Some of these rules are (or were) very screwy. But when I'm on line in a supermarket and the lady in front of me is purchasing  four boxes that each contain two slices of French toast, a microwave dish, a plastic cup of HFCS with a foil lid  and a plastic wrapper inside the cardboard box and she uses the new plastic cards that replace food stamps to pay $16.00 for those four boxes, I get a little pissed off at the government for allowing that to happen.

It may sound a little right wingish but I'm a little pissed off because I know that nobody  who earned that $16.00 is going to give it to a supermarket for eight slices of French toast that won't even taste like French toast. The government that is using my tax dollars should force that person to buy a loaf of bread, a dozen eggs and a stick of butter.

But I'm a lot pissed off that my tax dollars paid for four boxes, four disposable microwave dishes, four plastic wrappers, four syrup cups and four foil lids that is going into landfill.    

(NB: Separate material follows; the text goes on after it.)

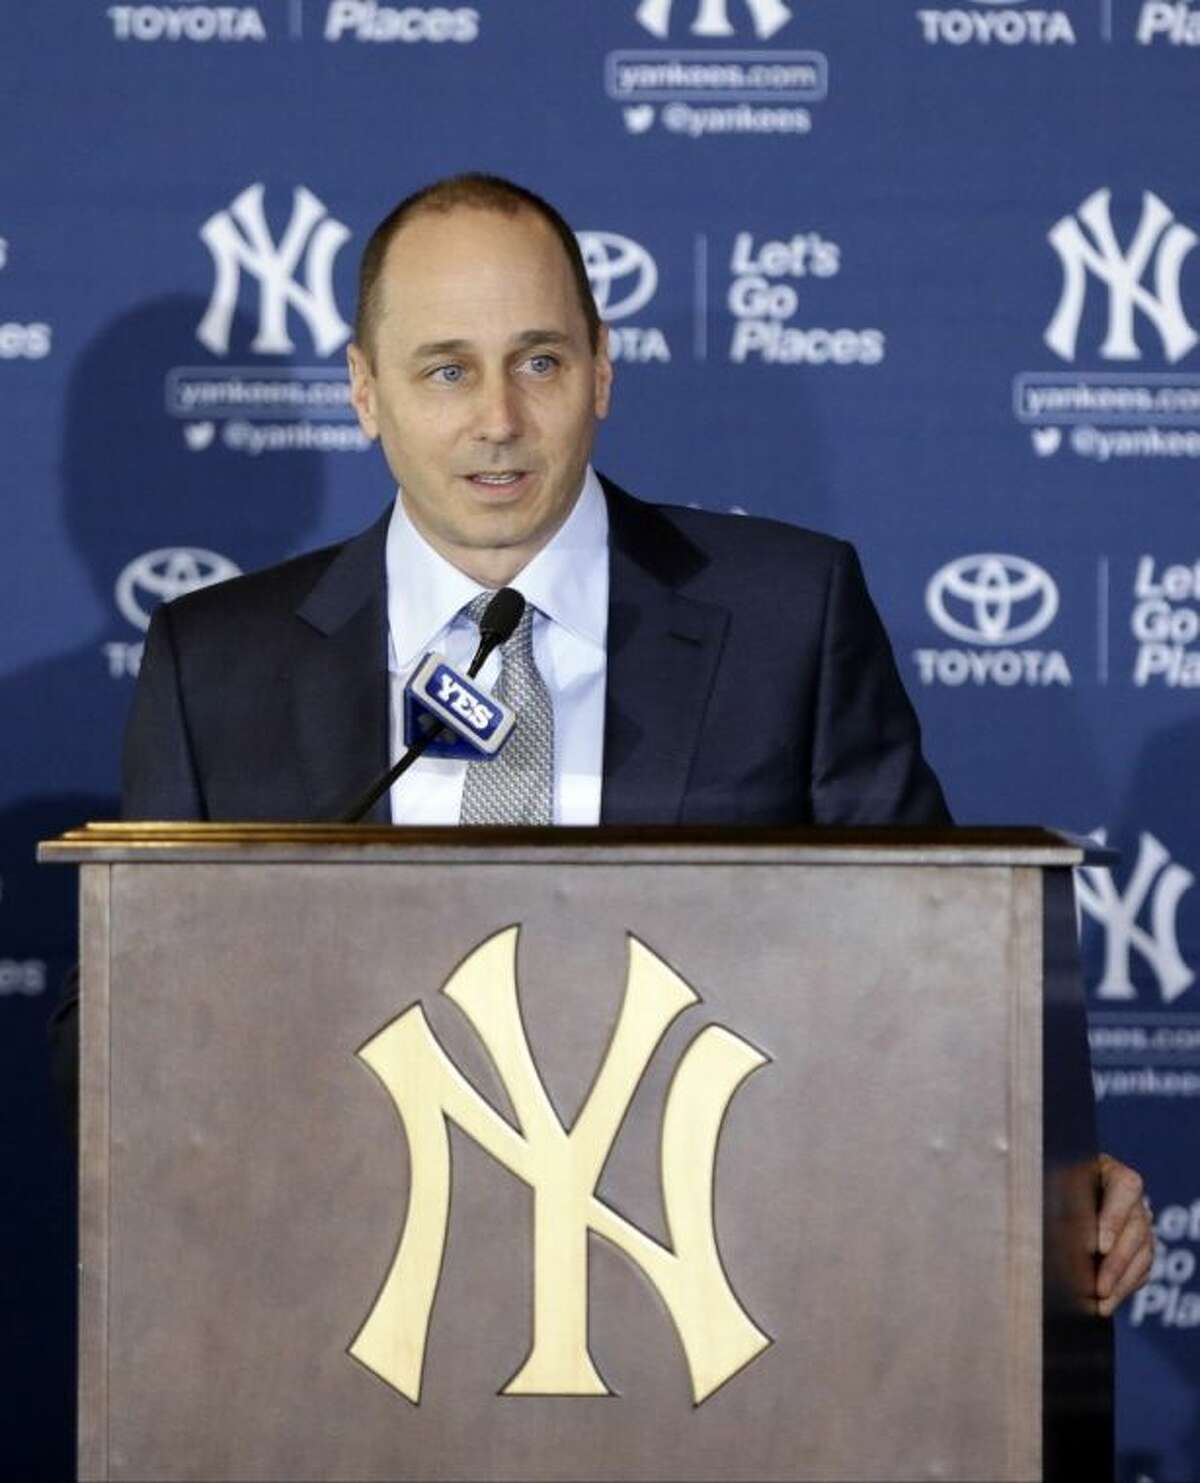 New York Yankees general manager Brian Cashman speaks during a news conference, where Masahiro Tanaka of Japan was introduced as a new pitcher for the team, at Yankee Stadium Tuesday, Feb. 11, 2014, in New York. (AP Photo/Frank Franklin II)
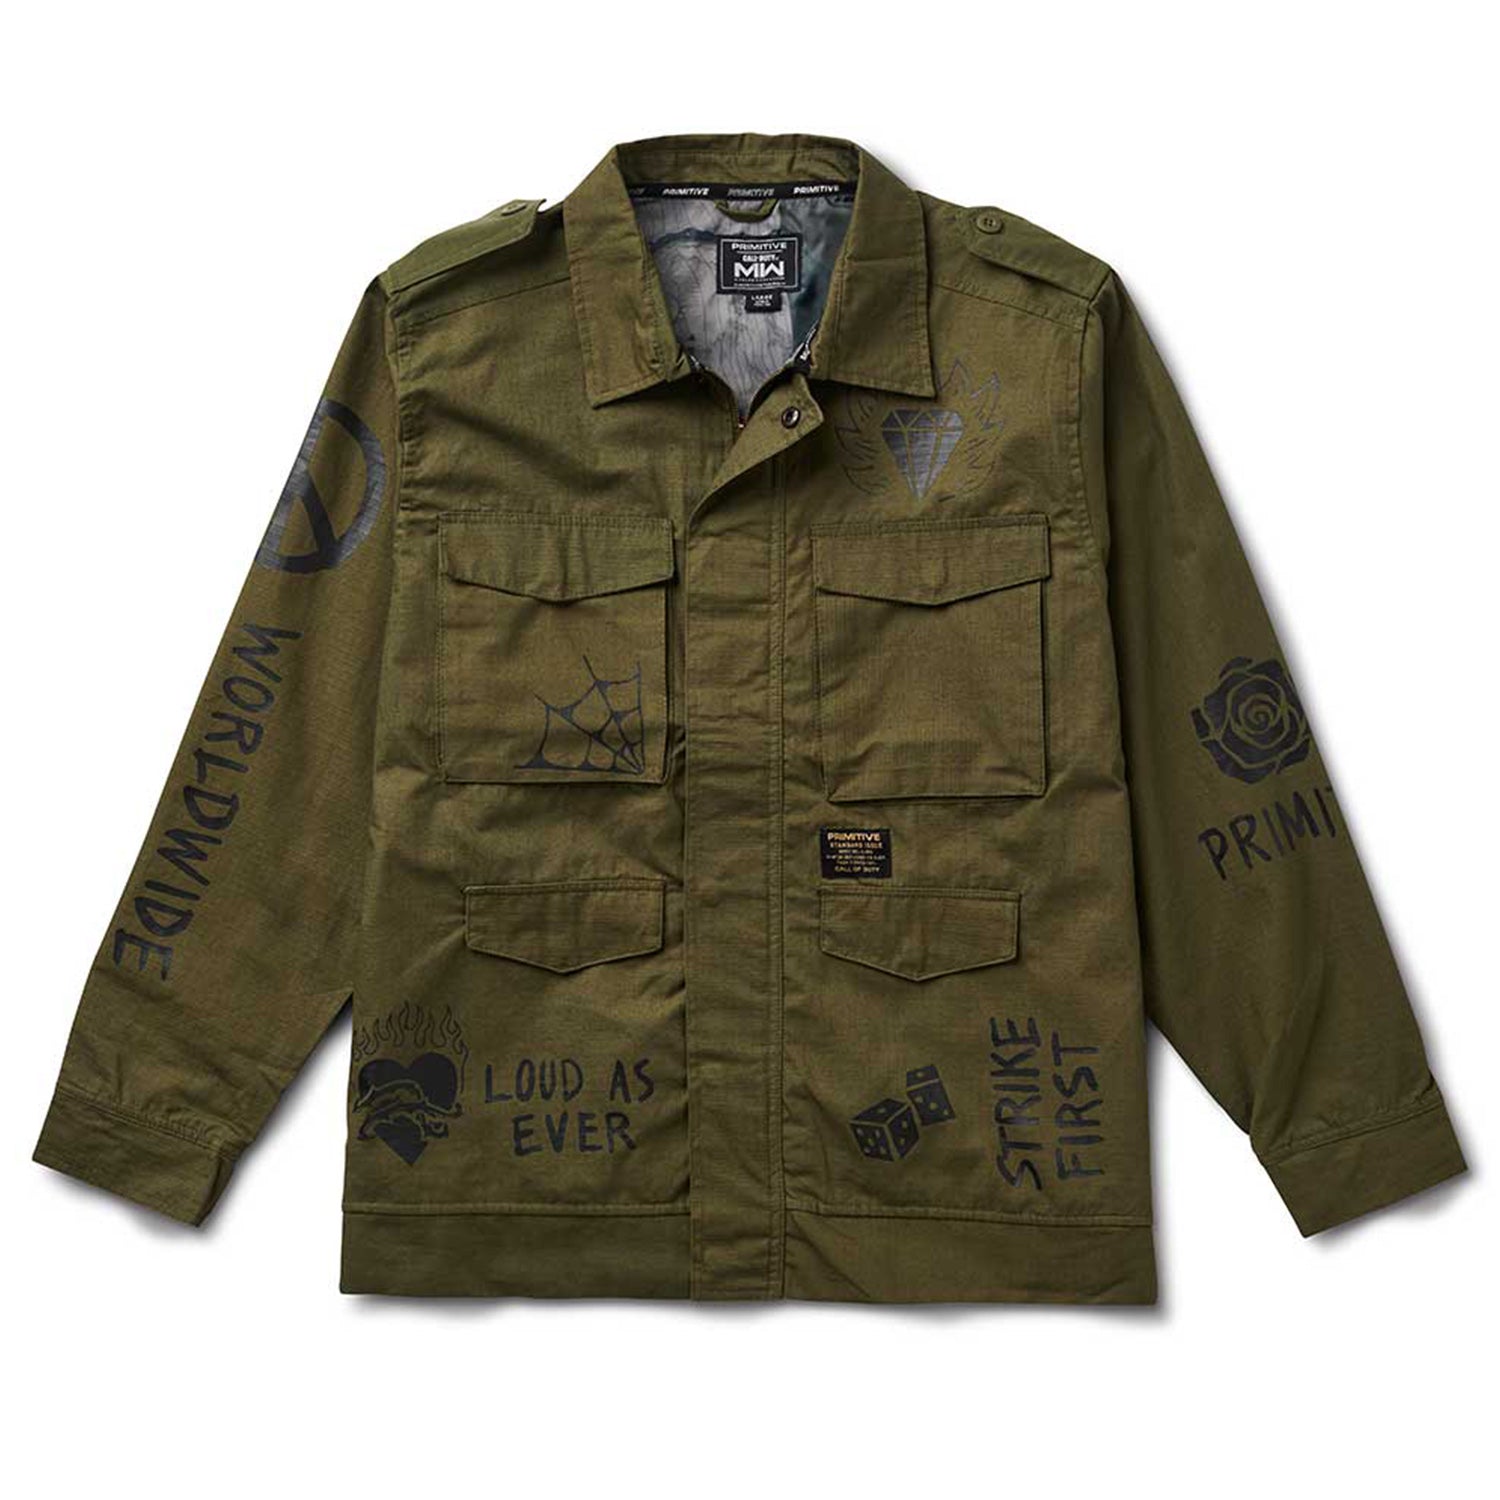 Call of Duty Military Green Task Force Jacket - Front View

The flip side is that (4.00 / 3)
when the govt tells you what to buy (like in the WIC program) it's kind of big-brotherish. Plus then you're stuck dealing with the govt's idea of what good, affordable food actually is... and their ideas on that greatly differ from my own.

As for this fast food business, it's LA only right now, I think. I think it's a pilot program?

"I can understand someone from Iowa promoting corn and soy, but we are not feeding the world, we are feeding animals and soft drink companies." - Jim Goodman


[ Parent ]
... (4.00 / 4)
The problem isn't the government telling people who use public money what to buy, but it's what they are telling them to buy.  I don't think it's big brotherish at all. This is what industry giants tell people to scare them into backing a company like coca-cola.
If even the government wanted to put a cola tax, the companies would spin in that the government is telling you what you should and shouldn't eat.  Well,  if they were trustworthy, shouldn't they? Shouldn't they be looking out for our best interests?
I'm not against granting those powers to a government, it's just what they do with those powers that end up hurting.  It's not bad that the gov't tells people with food stamps where they can be spent, but it's bad when they tell t hem they can be spent on fast food

[ Parent ]
Pilot program? (4.00 / 4)
Perhaps not.

From the FAQ,

The Food Stamp Restaurant Meals Program is a voluntary component of the Federal Food Stamps Act.

From the program's home page,

On July 25, 2005, the Department of Public Social Services (DPSS) implemented the new Restaurant Meals Program throughout Los Angeles County.

Participating restaurants, including Denny's, Wendy's, and Subway.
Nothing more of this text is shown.